When I first started investing, I had many questions. Fortunately, I had helpful and experienced investors around me who were able to guide me through my first steps as a stock market investor. However, others may not be so fortunate and may, as a result, be put off from investing due to fears of making a mistake.
Because of this, I thought I would answer three common questions that new investors might have.
How much should I invest in my first stock?
This may be the first question that many new investors might have. In reality, there is no simple answer to this question. It depends on a multitude of factors such as your risk appetite, portfolio size, and investment strategy.
Having said that, I believe that all investors should still follow a few rules of thumb before making a decision on this.
First, our investment size should be large enough such that the commission charges do not exceed 1%.
For instance, investors should try not to make a transaction below $1000 while using brokerages that charge a minimum of $10 per transaction. Overlooking the effects of these transaction fees could be detrimental to our overall portfolio returns.
Second, investors should diversify their portfolio adequately and each stock should ideally not exceed 10% of your entire portfolio. This is to ensure that any bad investments cannot overly affect your total portfolio returns.
Where can I get stock ideas?
Recently, I wrote an article on three good ways we can screen for stocks. Firstly, by screening for stocks those are undervalued or trading at low premiums. Investors can also take a top-down approach and seek out growing industries, before narrowing their options to specific companies within that industry.
Finally, and maybe the best option for new investors would be to use a stock recommendation service that provides monthly new stock picks for investors.

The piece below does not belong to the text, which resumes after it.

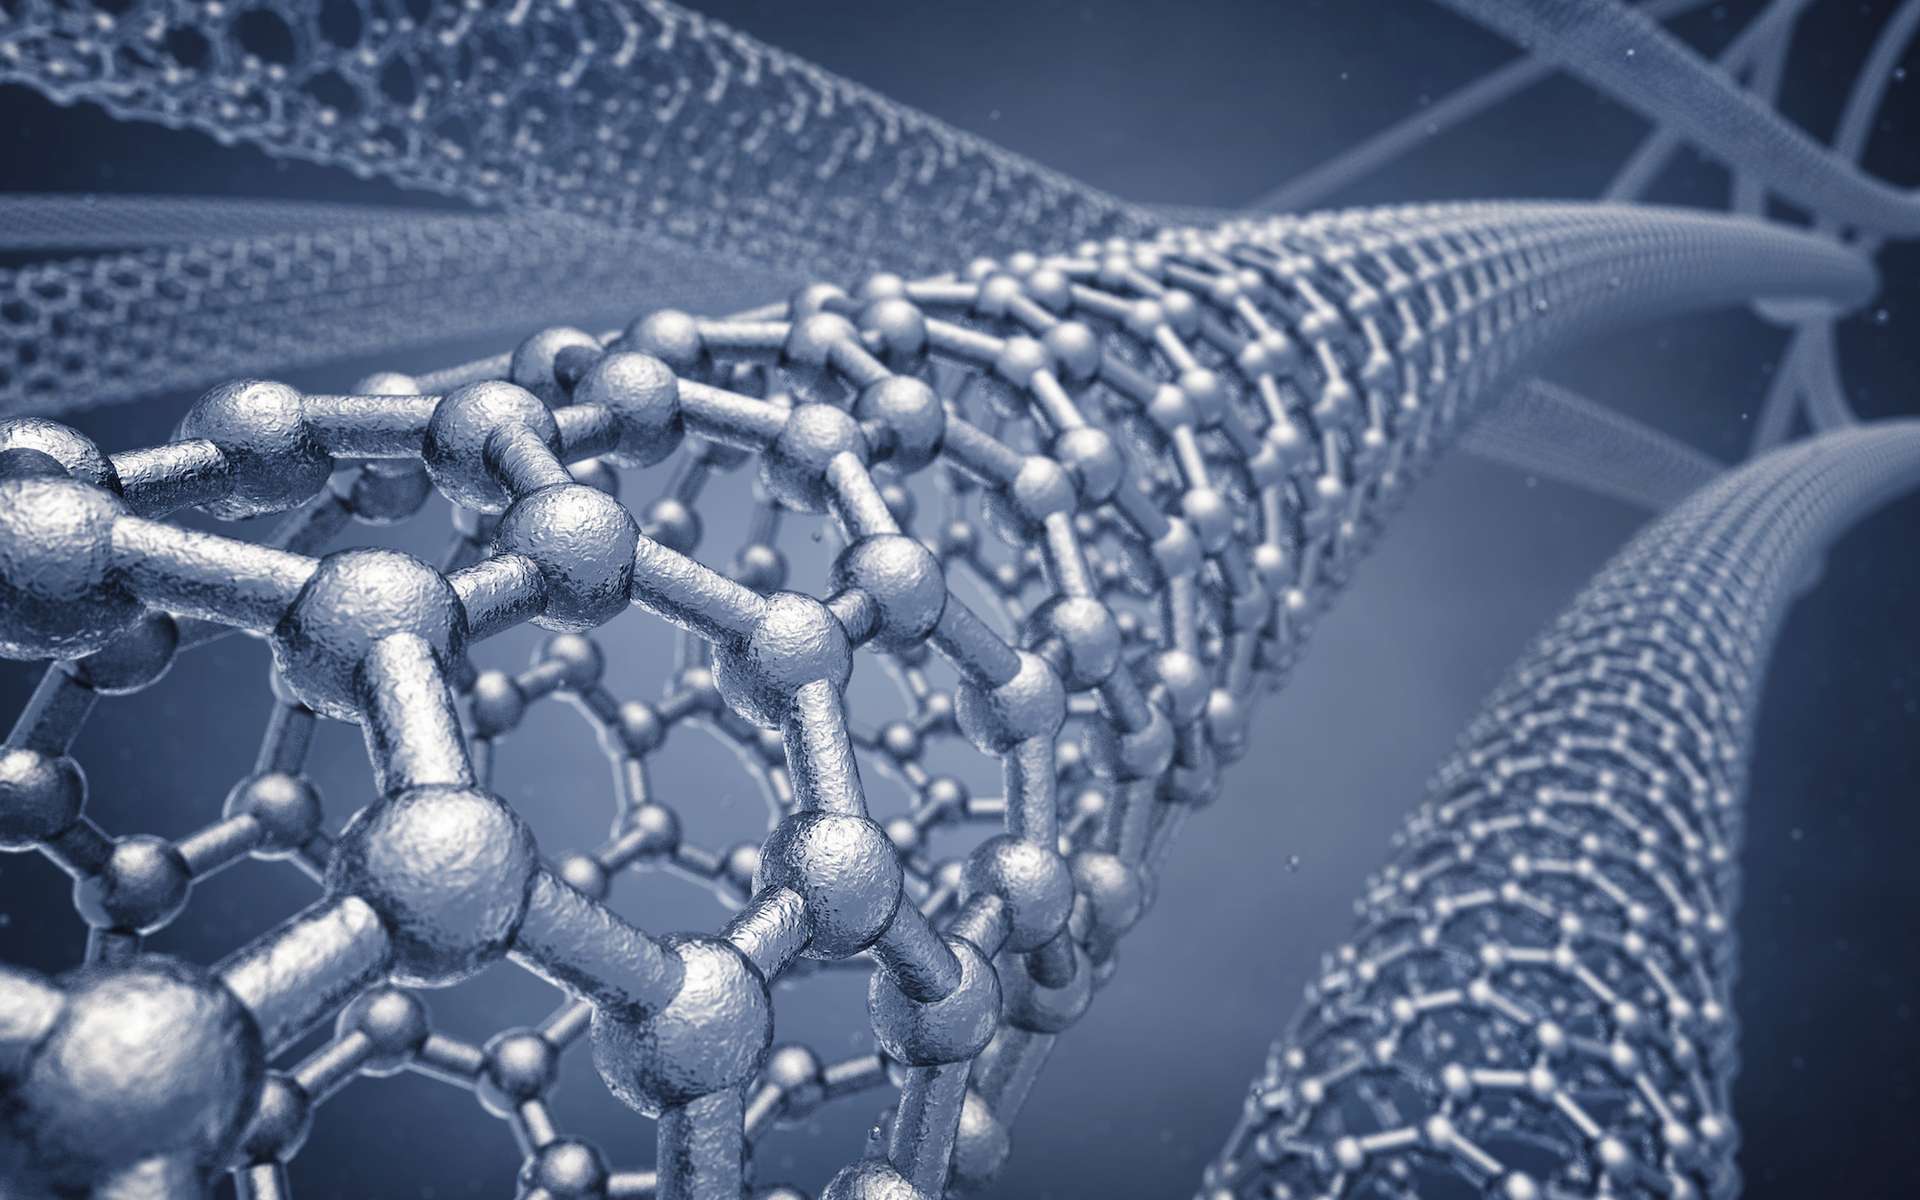 En contrôlant la création de nanorouleaux d’oxyde de graphène, des chercheurs américains espèrent développer des membranes de filtration d’eau légères et bon marché. © nobeastsofierce, Shutterstock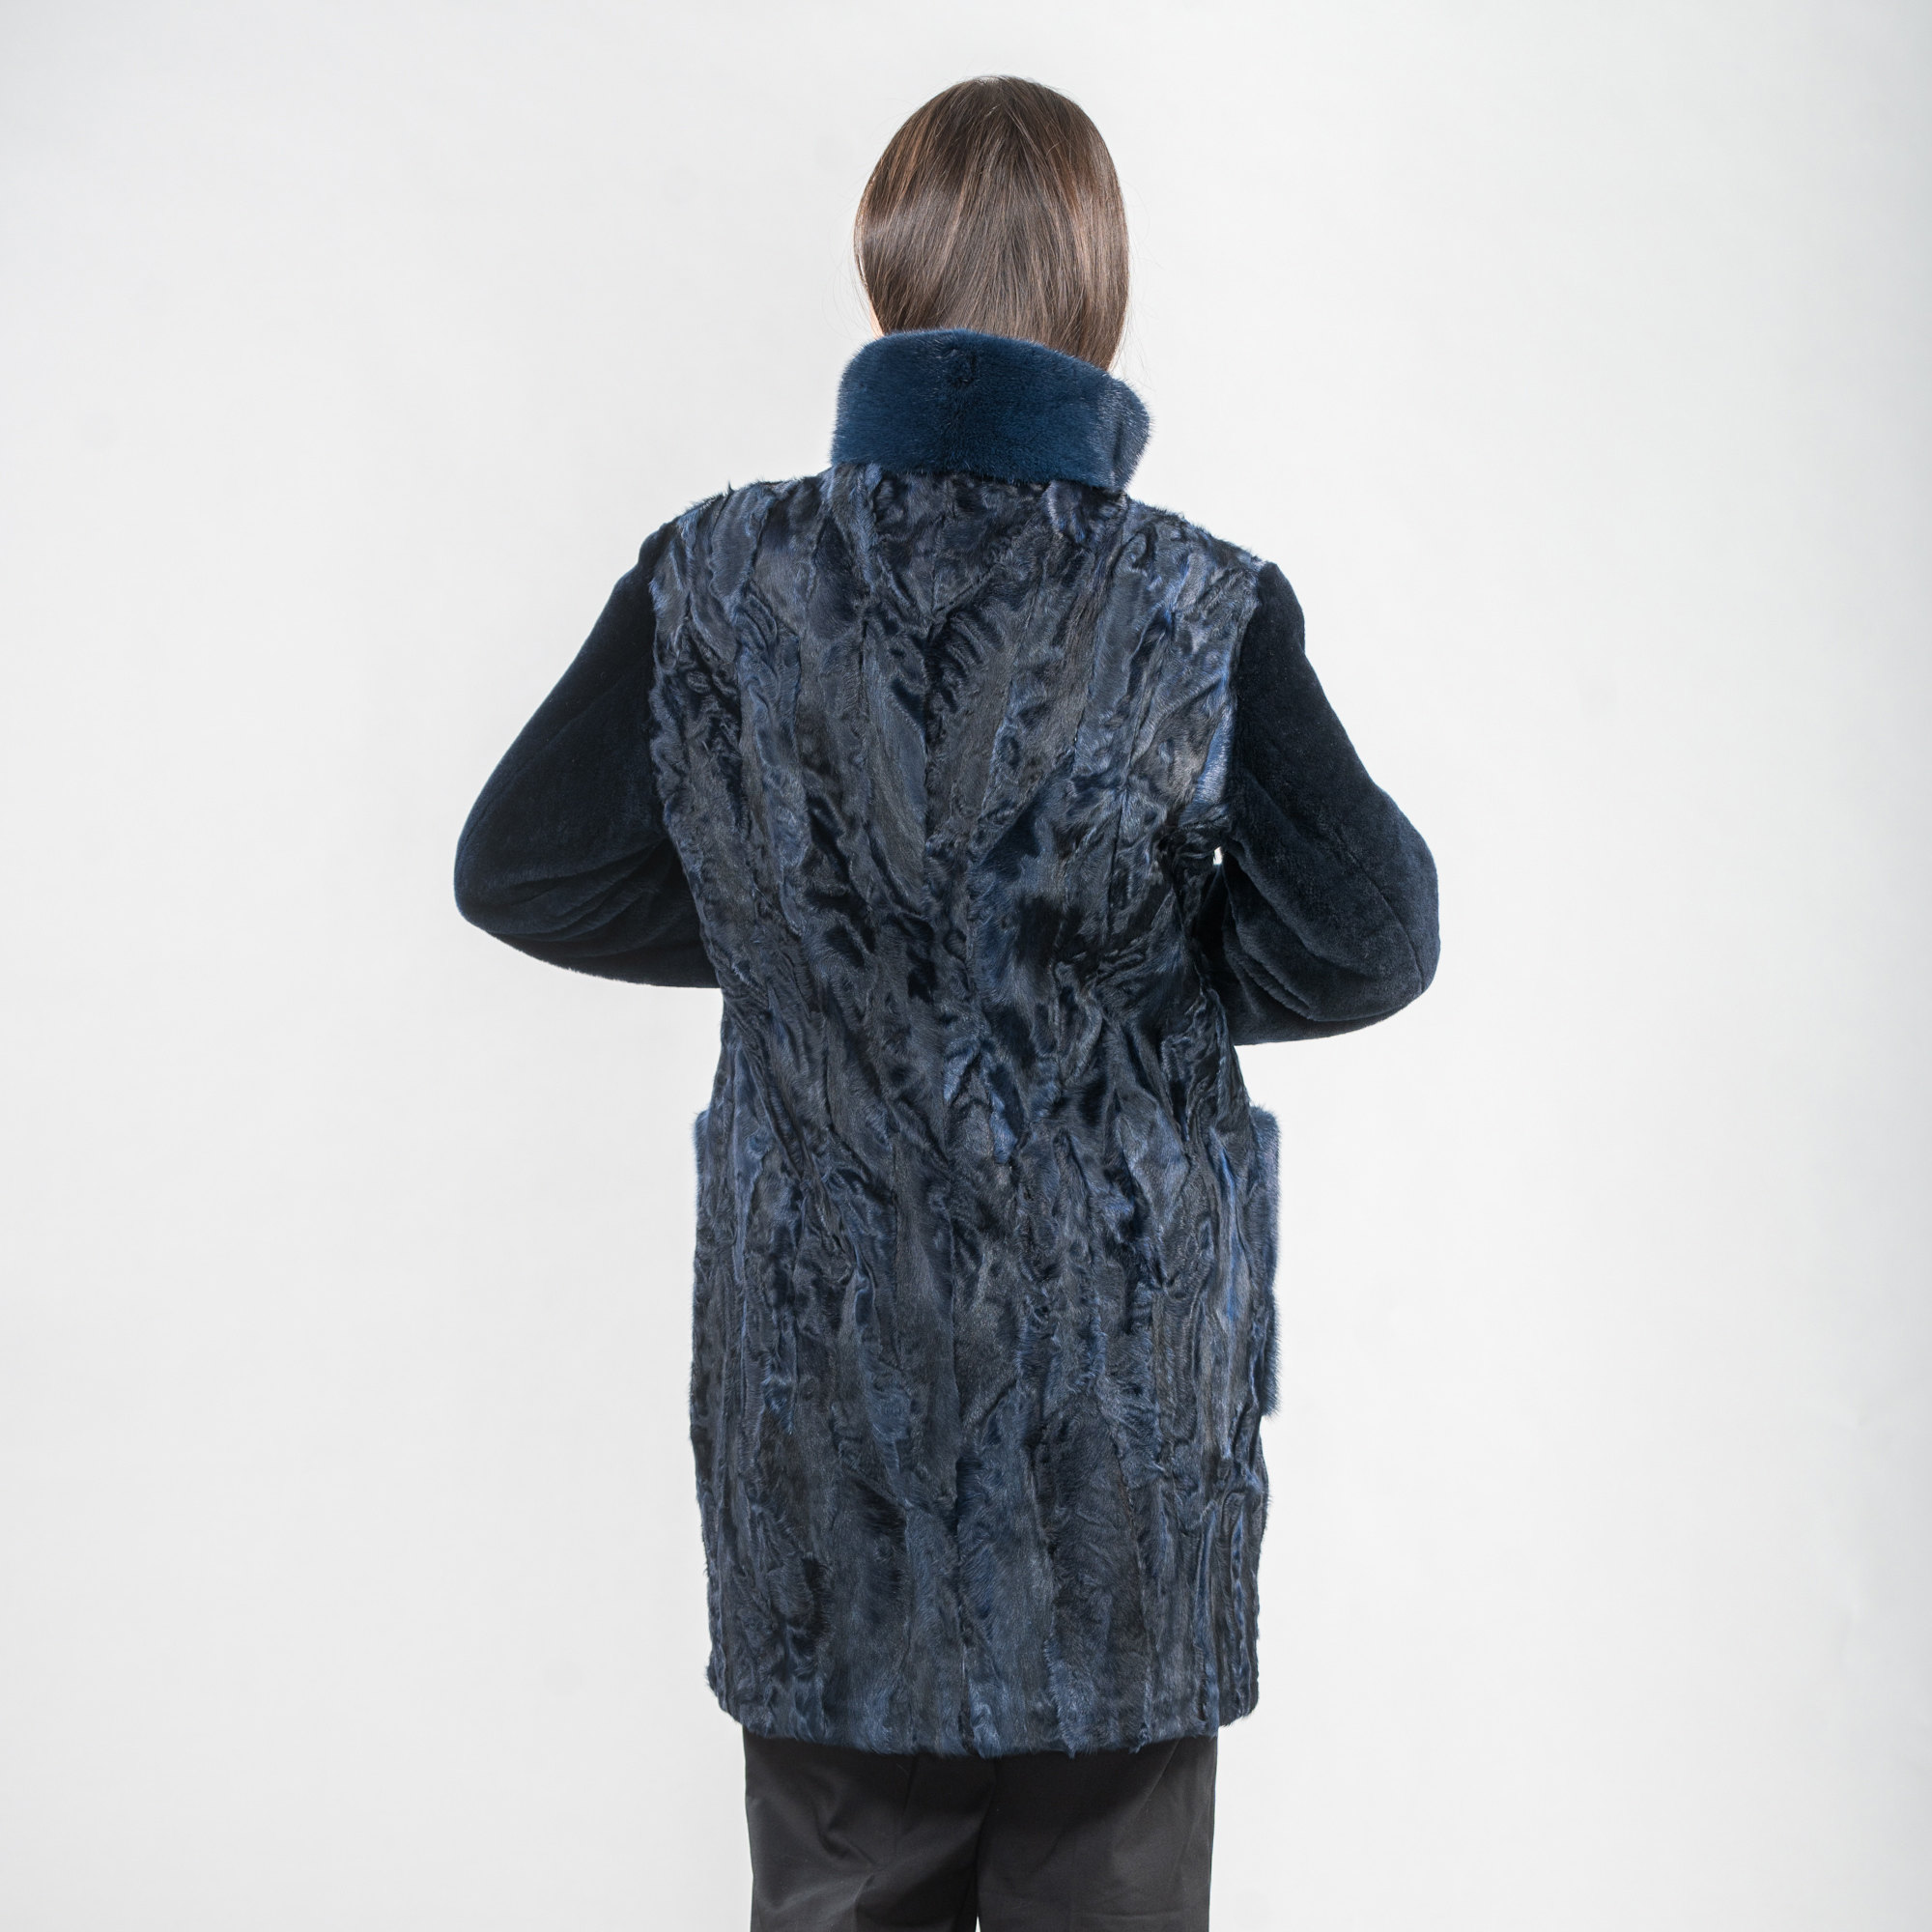 μπλέ γούνινο αστραχάν παλτό με στοιχεία γούνας βιζόν και προβάτου

It is important to choose a reasonably priced stock recommendation service that has a long history of beating the market.
Should I actively manage my own portfolio or use professionals?
Before deciding whether to manage your own portfolio, it is important that we understand our own investment capabilities.
Investing requires patience, good control of emotions, and an understanding of businesses and stocks. New investors who are looking for above average returns and have the confidence and knowledge on stocks should consider managing their own portfolio. This is because we can have better control over our finances and can avoid paying hefty management fees.
Unfortunately, there are also often numerous retail investors who over-estimate their capabilities or are prone to investing mistakes due to greed and fear. This has led to retail investors underperforming the index by a considerable amount.
For instance, between 1990-2000, the S&P 500 index returned 7.81% annually. On the contrary, retail investors averaged only 3.49%. If you fear that you are unable to make good investment decisions due to poor control of emotions, seeking a professional for help may be your best option.
The Foolish bottom line
New investors will unsurprisingly have many questions before they start investing. Hopefully, this article adds a little bit of insight for new investors who are just starting out on their investment journey.